■ What is being asked ■
The lines to transcribe begin with the one containing "tyrannosaurus image243232001 html" and end with the last line below; reproduce them exactly, without the pictures.

■ Dataset excerpt ■
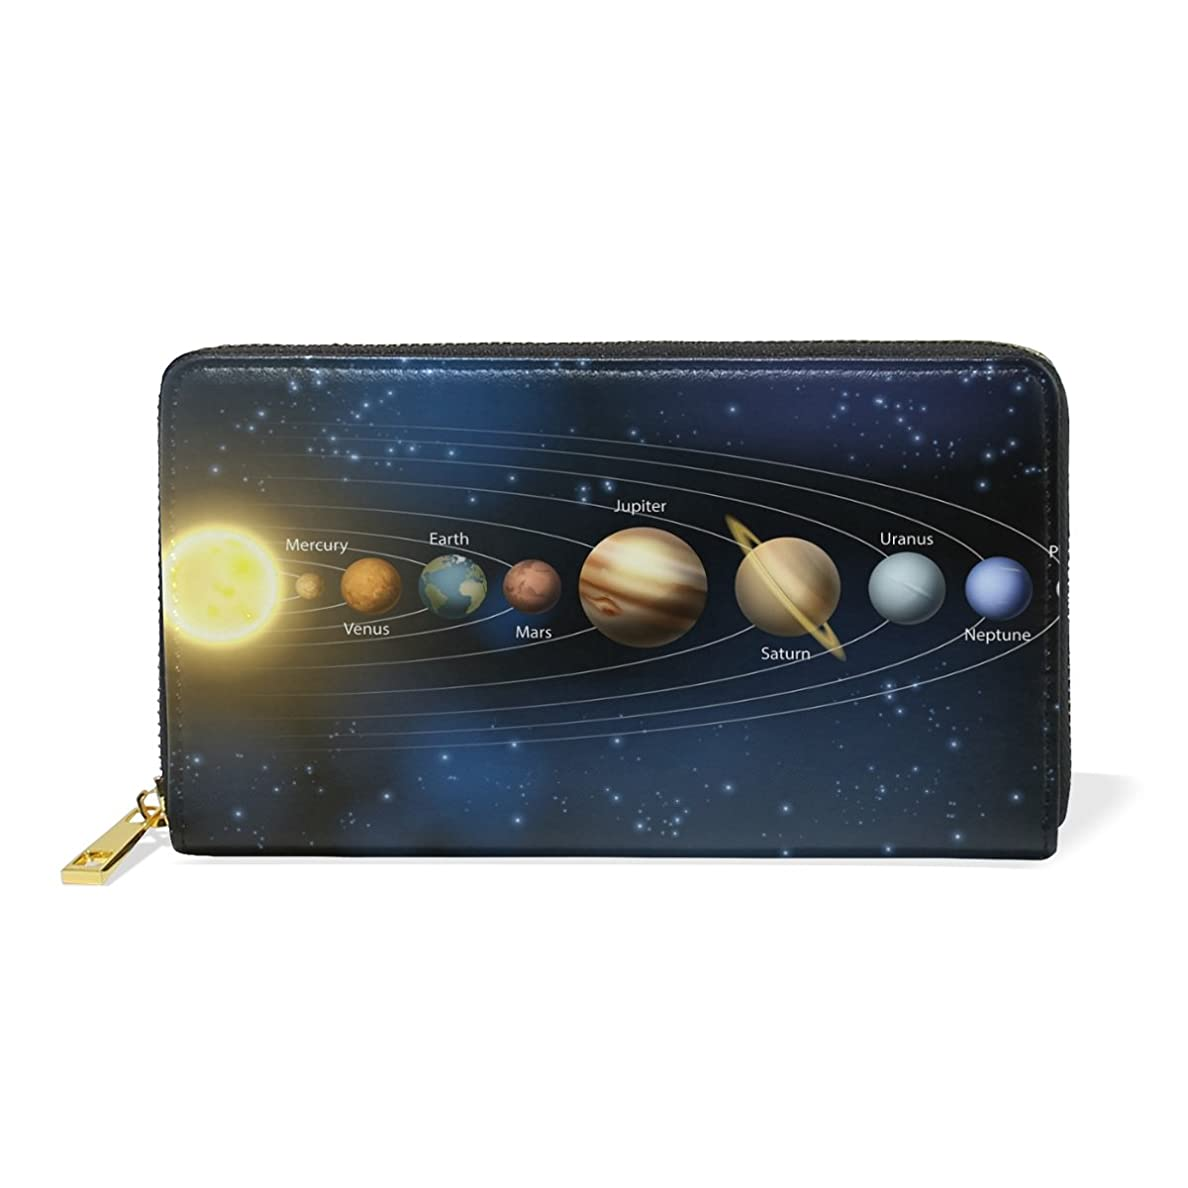 信じる小売逆さまにAOMOKI 財布 長財布 ラウンドファスナー 本革 大容量 通学 通勤 旅行 惑星
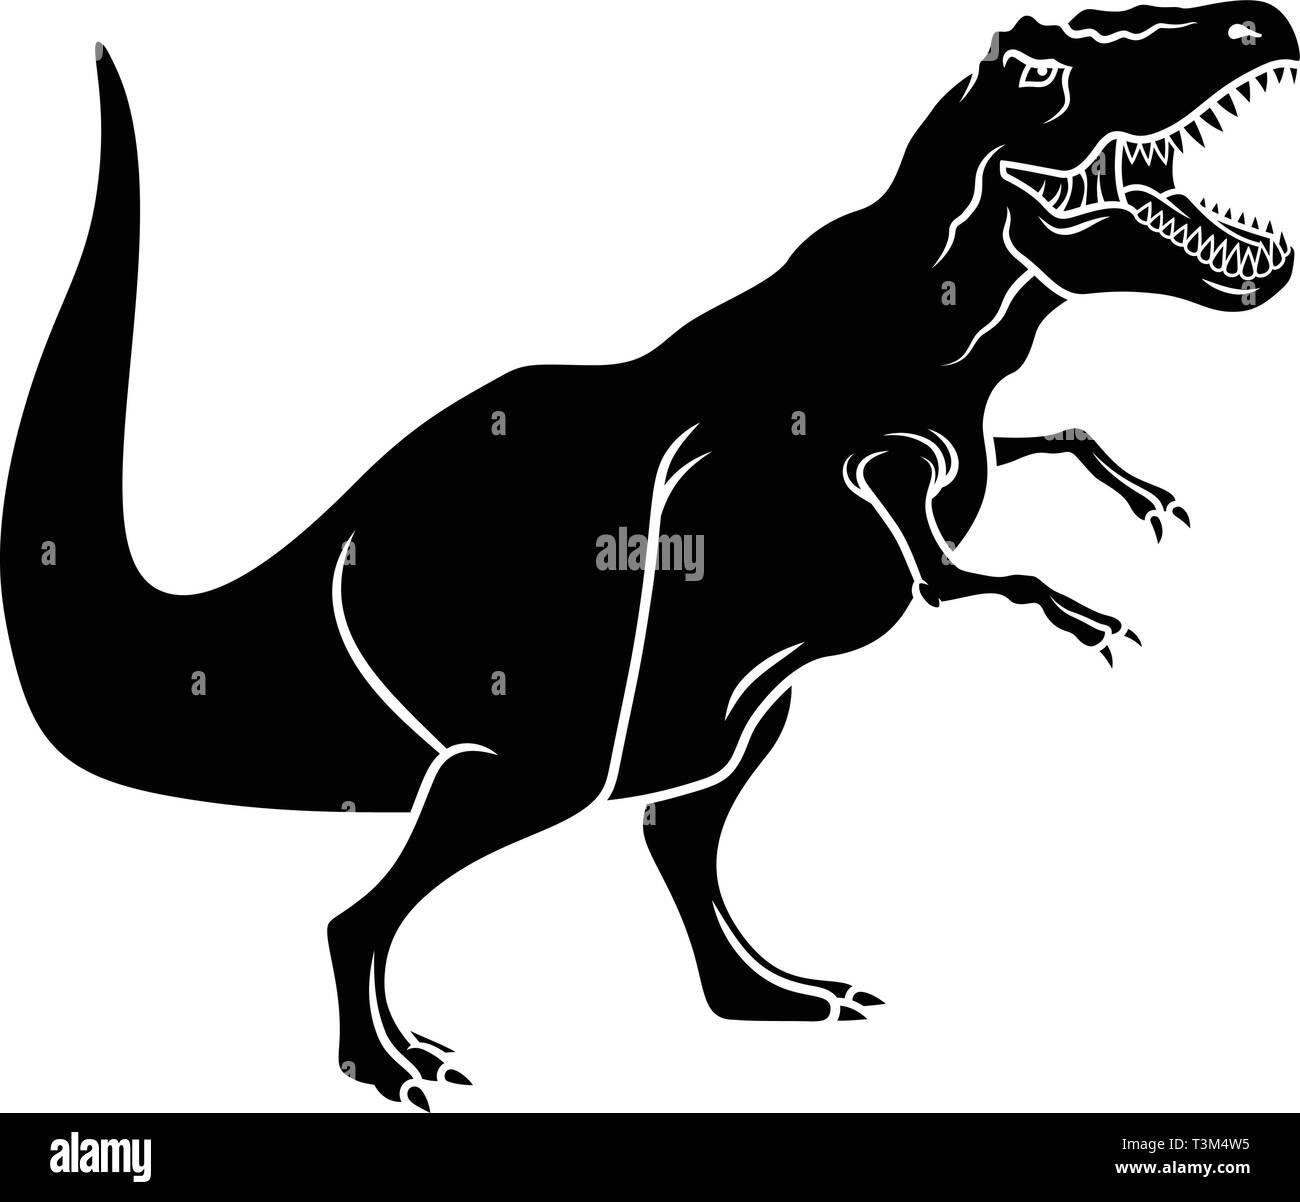 Silueta De Dinosaurios Ilustracion Vectorial Tyrannosaurus Imagen Vector De Stock Alamy Además también están disponibles otros formatos de dinosaurio silueta, dinosaurio, dinosaurio jurásico vectores o imágenes de fondo. https www alamy es silueta de dinosaurios ilustracion vectorial tyrannosaurus image243232001 html
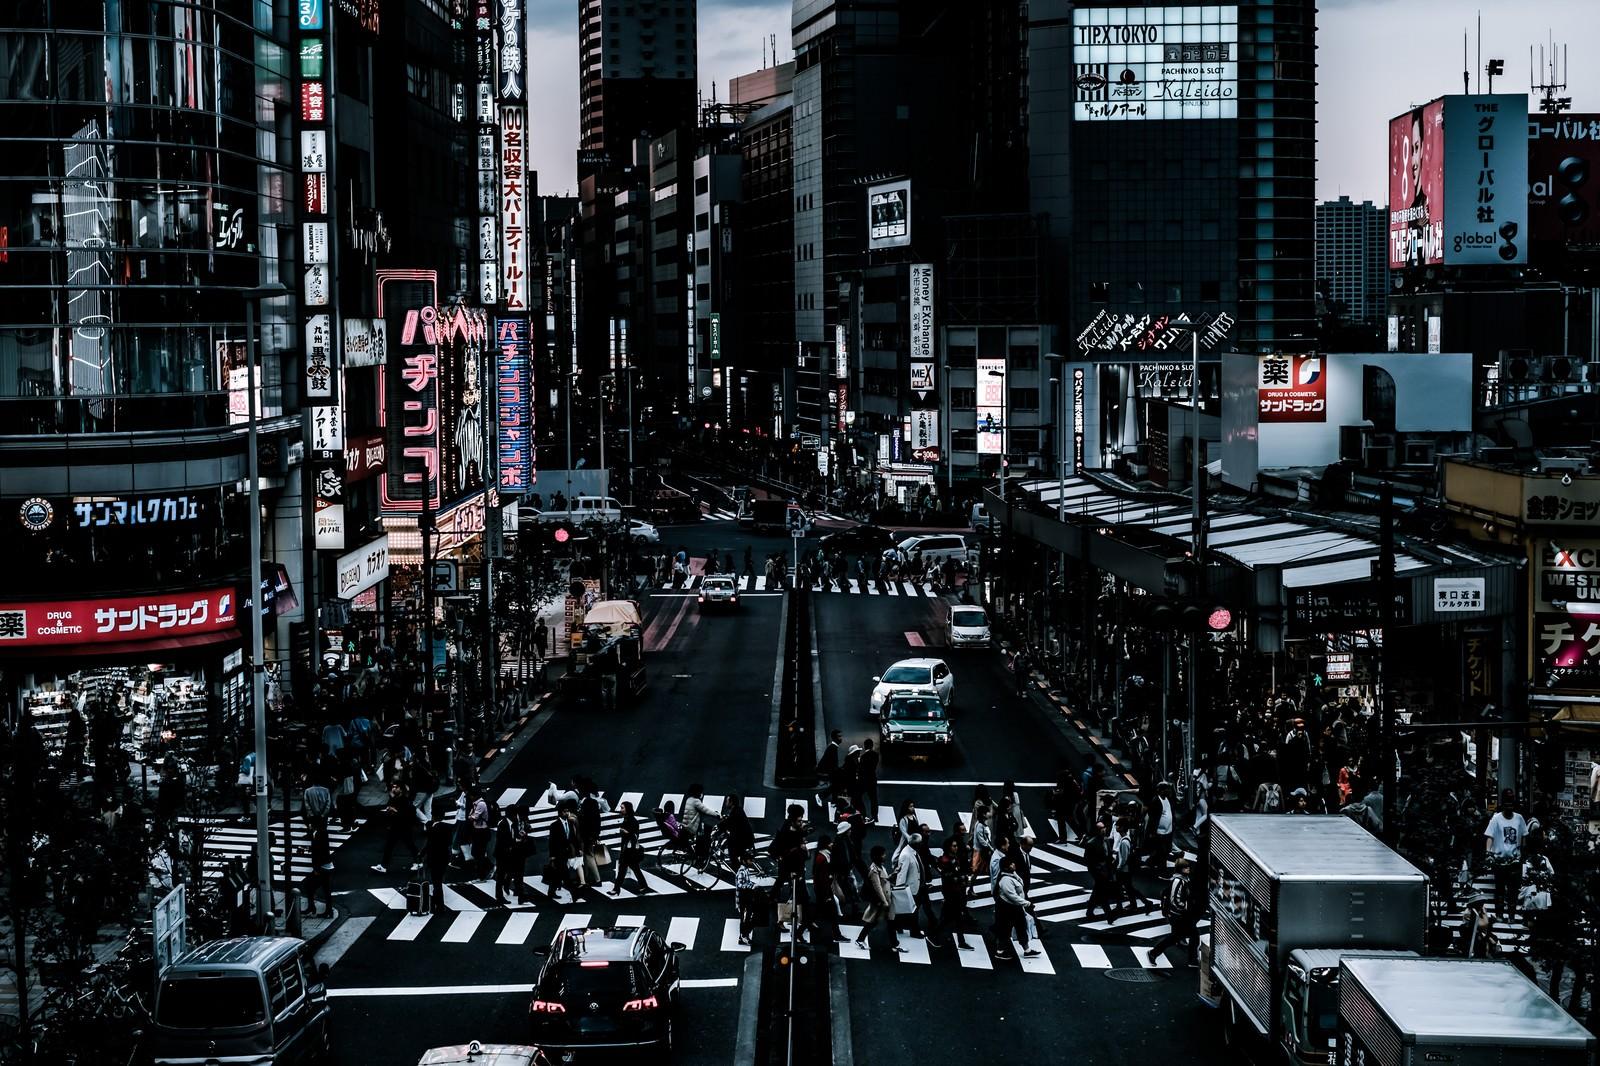 「新宿西口前のスクランブル交差点前の様子」の写真

■ Exercise output ■
 Silueta De Dinosaurios Ilustracion Vectorial Tyrannosaurus Imagen Vector De Stock Alamy Además también están disponibles otros formatos de dinosaurio silueta, dinosaurio, dinosaurio jurásico vectores o imágenes de fondo. https www alamy es silueta de dinosaurios ilustracion vectorial tyrannosaurus image243232001 html
 「新宿西口前のスクランブル交差点前の様子」の写真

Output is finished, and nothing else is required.